Ruling says claimant and his family continued residing in Toronto apartment
The Tax Court of Canada dismissed an appeal of a Canada Revenue Agency (CRA) decision denying a new housing rebate for a condominium townhouse unit in Cambridge, Ontario, upon finding that the appellant failed to establish actual or intended residency there.
In Bhalli v. The King, 2025 TCC 117, the appellant unsuccessfully requested the rebate relating to his and his wife’s purchase of a property on Hardcastle Drive, Cambridge.
On appeal against the CRA’s denial, the issue was whether the appellant intended to occupy the Cambridge property as his family’s primary residence when he agreed to purchase it, as required under s. 254(2)(b) of the Excise Tax Act, 1985.
The appellant testified that he agreed to buy the Cambridge unit in March 2019 during its building phase, closed the transaction in June 2020, and decided to sell the property for $725,000 in April 2021.
The appellant added that he and his family resided in an apartment on Wellesley Street, Toronto, but had no place to live except the Cambridge property from June 2020 to June 2021.
During cross-examination, the appellant alleged that he:
- paid around $1080 in monthly rent for the Toronto apartment throughout the relevant period
- received annual income in the $30,000 range
- began working as a truck driver in 2017, through a trucking corporation he owned that earned gross sales of nearly $70,000
- furnished services for Advanced Trucking Solutions out of Mississauga
The appellant also said his daughter attended Toronto schools throughout the relevant period.
As the respondent, the Crown cited s. 254(2)(g) of the Excise Tax Act, which required the rebate claimant to be the first to actually occupy the unit as the place of residence after its substantial completion.
Rebate denied
The Tax Court of Canada found that the appeal failed. The court ruled that the appellant and his family did not live in the Cambridge property as their primary place of residence and never intended to do so.
The court characterized this case as a contest between the appellant’s lack of credibility and the Crown’s indifference to presenting a proper case.
The court acknowledged inadequacies in the Crown’s case. However, the court took issue with the appellant’s unsupported and unbelievable evidence and endless clarifications to his testimony.
The court disbelieved the appellant’s allegations that his family gave up the Toronto apartment to move to Cambridge in 2020 and then got the apartment back at the same low rent a year later.
Instead, the court determined that the appellant and his family kept living in the Toronto apartment from June 2020 to June 2021 rather than abandoning it. The court said the appellant intended his temporary occupancy of the Cambridge unit to give off an impression of residency.
In concluding that the appellant did not intend to reside in the Cambridge property as a primary residence, the court noted the following.
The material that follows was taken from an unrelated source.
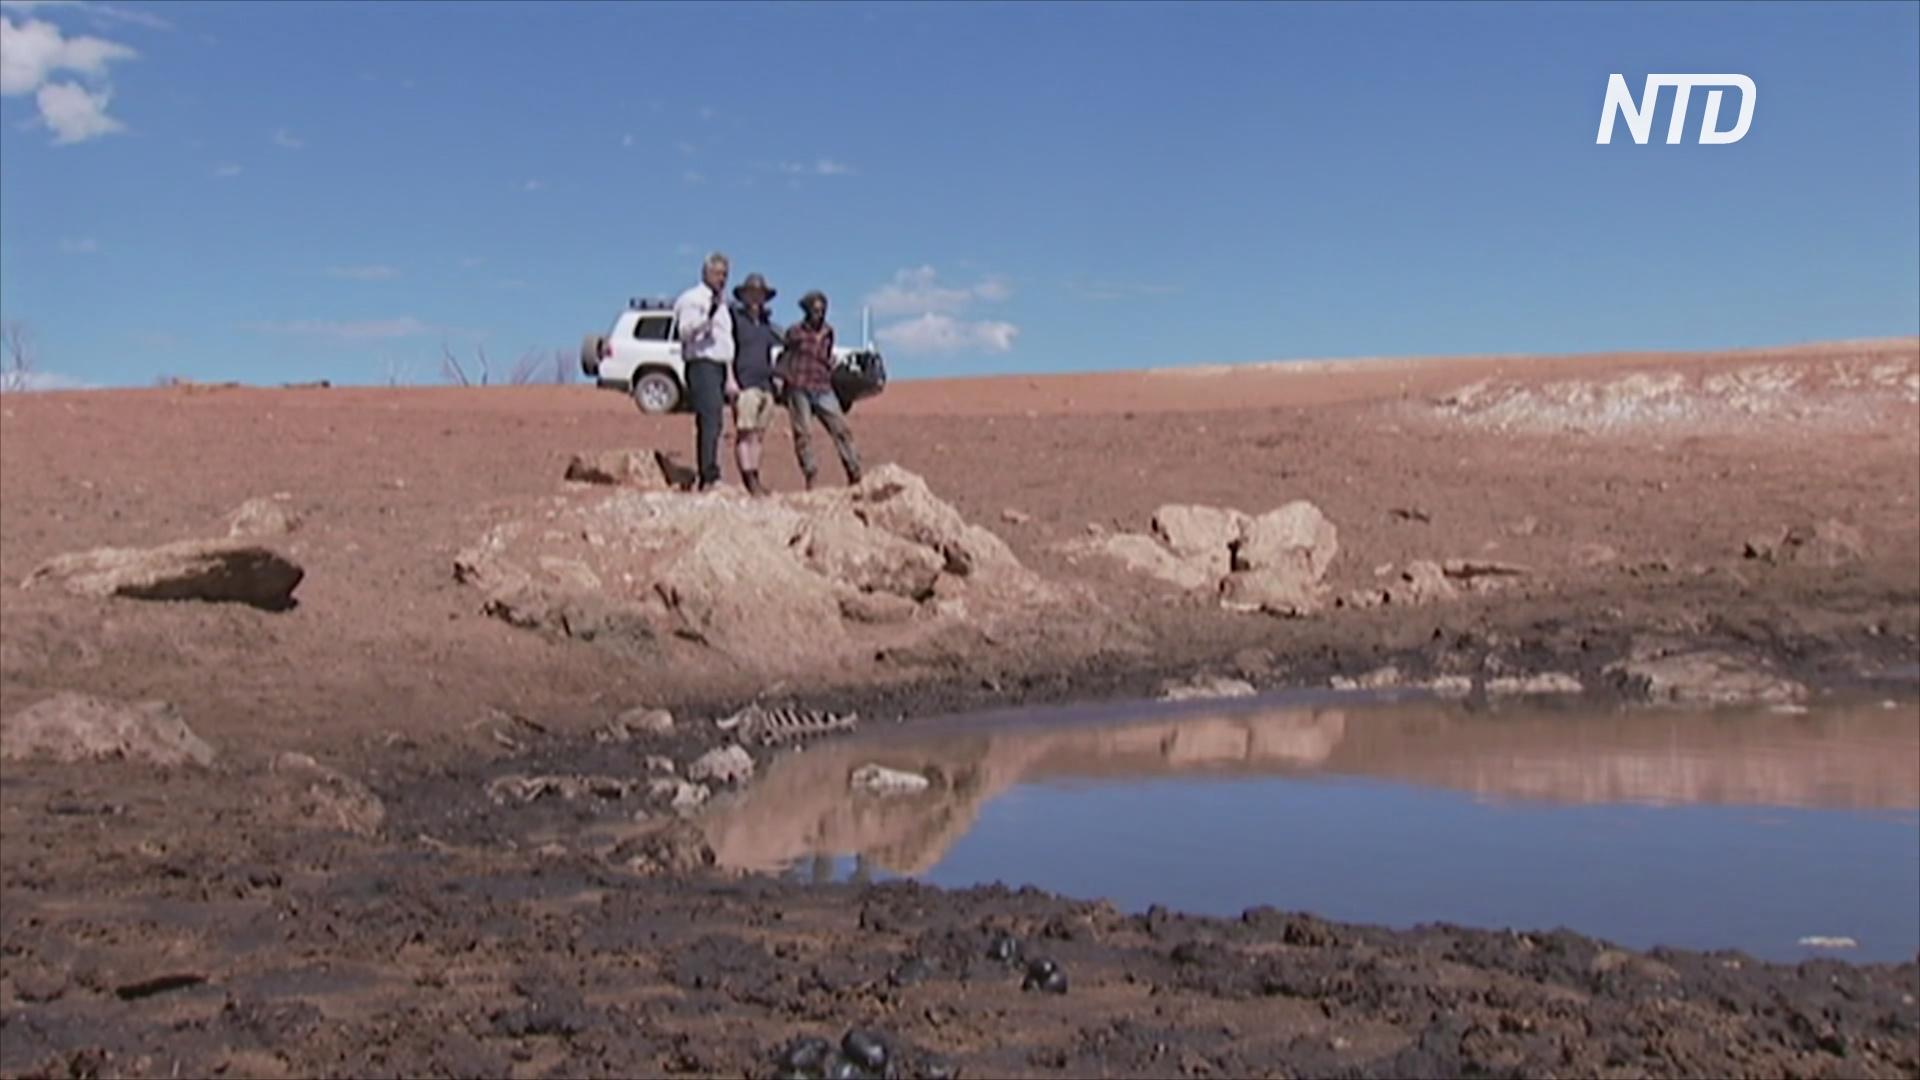 Австралия: в пустыне обнаружили древний источник воды аборигенов

First, the court pointed out that the appellant failed to provide utility bills or other supporting evidence.
Second, the court held that the appellant lacked the financial resources or means to live in the Cambridge unit as a primary residence. The court said the appellant appeared to have insufficient funds to pay property taxes and utilities after mortgage payments.
The court rejected the appellant’s evidence about additional income from his trucking company. The court noted that the appellant gave contrived testimony and offered no supporting documents regarding this issue.
Third, the court did not believe the appellant’s claims that he would have moved to Cambridge without formally transferring his daughter from the Toronto school system to the Cambridge school system.
Lastly, the court disbelieved the appellant’s explanation that he listed the Cambridge property for sale only months after moving in because his family was depressed. The court noted that neither the appellant’s wife nor daughter testified.